Of course, I always thought that this was just a myth. There probably was no Midas, and of course there are no satyrs or gods of wine (because if there were, the world would be SO much more awesome than it is right now). But apparently, it’s not all a myth. There WAS a King Midas (the Greek version of the name, probably his name was pronounced Mita), and he ruled the kingdom of Phrygia in what is now modern-day Turkey. Archeologists found his tomb in 1997, and date it back to around 700 BCE. And in that tomb, they found many jars and vessels, made of bronze, and containing the residues of what could have been drinks. They had found the world’s oldest drinking set.
Of course, fermentation is one of oldest chemical processes known to mankind. It’s estimated right now that humans have been drinking fermented drinks for over 9000 years. So it makes sense that, of the things that people would leave to send King Midas in to the afterlife with due ceremony, alcohol might be among them. Of course, there had been both bacteria and oxygen in the tomb when Midas’ tomb was sealed, and those began their work on the post-mortem feast right away. But the tomb was remarkable well sealed (buried beneath a burial mound 45 METERS high), and oxygen soon ran out. The bacteria died out, and what was left of the feast therefore didn’t rot. There was plenty of residue left (over 2kg, which is a LOT for any archeological find) when scientists from the University of Pennsylvania discovered the tomb 2700 years later.
The chemists took one look at the bronze vessels, shaped unmistakably to hold liquid, and wanted to know what was in them. What did people DRINK back then? They gathered the samples and used the latest in chemical technology (a lot of high performance liquid chromatography, spectroscopy, and mass spectrometry) to figure out what the leftovers were made of.
They came up with a drink very similar to the “Greek grog” which was known to be made by the ancient Greeks at the time. The beverage was a mixture of grape wine, barley beer, and honey mead. They also found residues of wine, honey, barbequed goat, and olive oil, reconstructing King Midas’ funeral feast.
So where did this “golden touch” idea come from? Well, the historians hypothesize that ancient Greeks may have visited the court of King Midas. Midas’ kingdom WAS a very rich one (he had large sources of lead on his land), and he probably wowed his guests with huge numbers of bronze drinking vessels. As gold in those days was far more rare than it is now (though bronza was far more common and a symbol of power), it’s possible that travelers returned home to Greece with amazing stories of Midas and his tons and tons of “gold”.

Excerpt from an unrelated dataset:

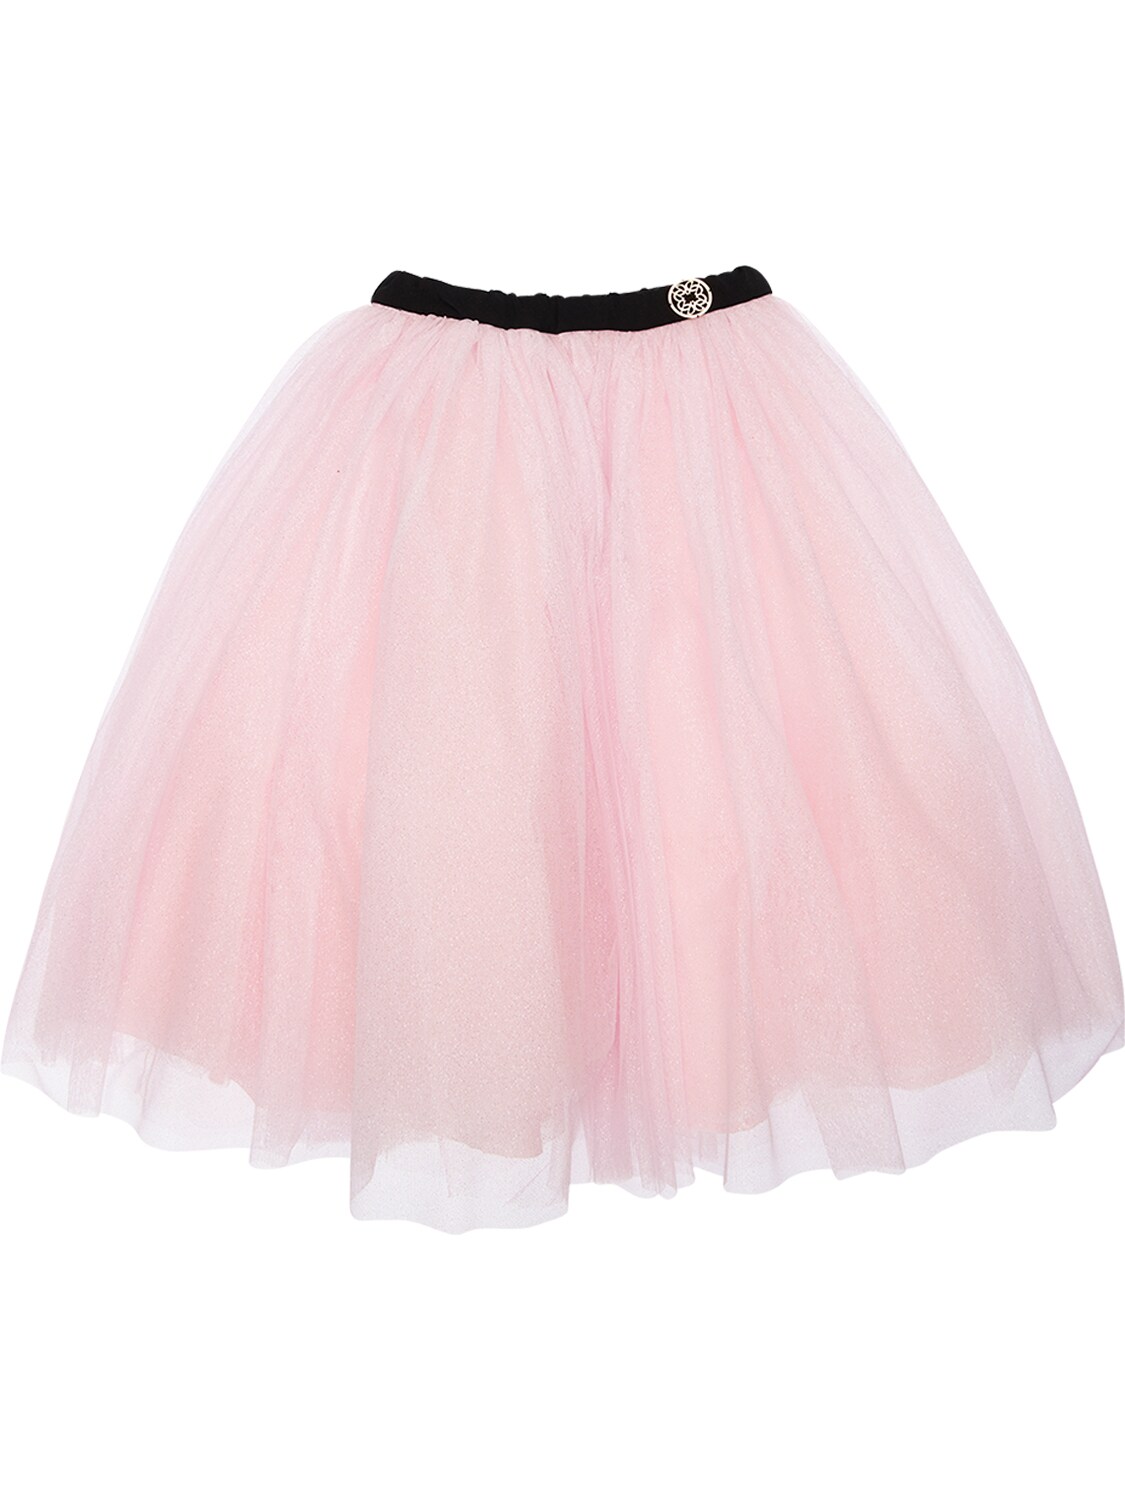 Elie Saab Kids' Glittered Stretch Tulle Skirt In Pink

And this whole thing might have been cool enough, but it got even better. Enter the Dogfish Head Craft Brewery. The owner decided to try and recreate Midas’ wine, and made a microbrew of malted barley, Italian thyme honey and white Muscat grapes. He seasoned it with saffron (as Midas’ kingdom was in Turkey, he would have had access to saffron, and the researchers detected traces of it), and fermented it with mead yeast. He served up the result at a benefit for U Penn’s Archeology program. The beer ended up very popular, and is now released once or twice a year for specialty beer lovers.
Sci really wants to try this beer. That weekend, she got to try some tasty beers, but she only got to LOOK at the King Midas. So if anyone wants to send some Midas brew Sci’s way, she will lift her glass to you, check it out, and let the world know what she thinks. With a mix of wine, beer, and mead, it can’t be boring.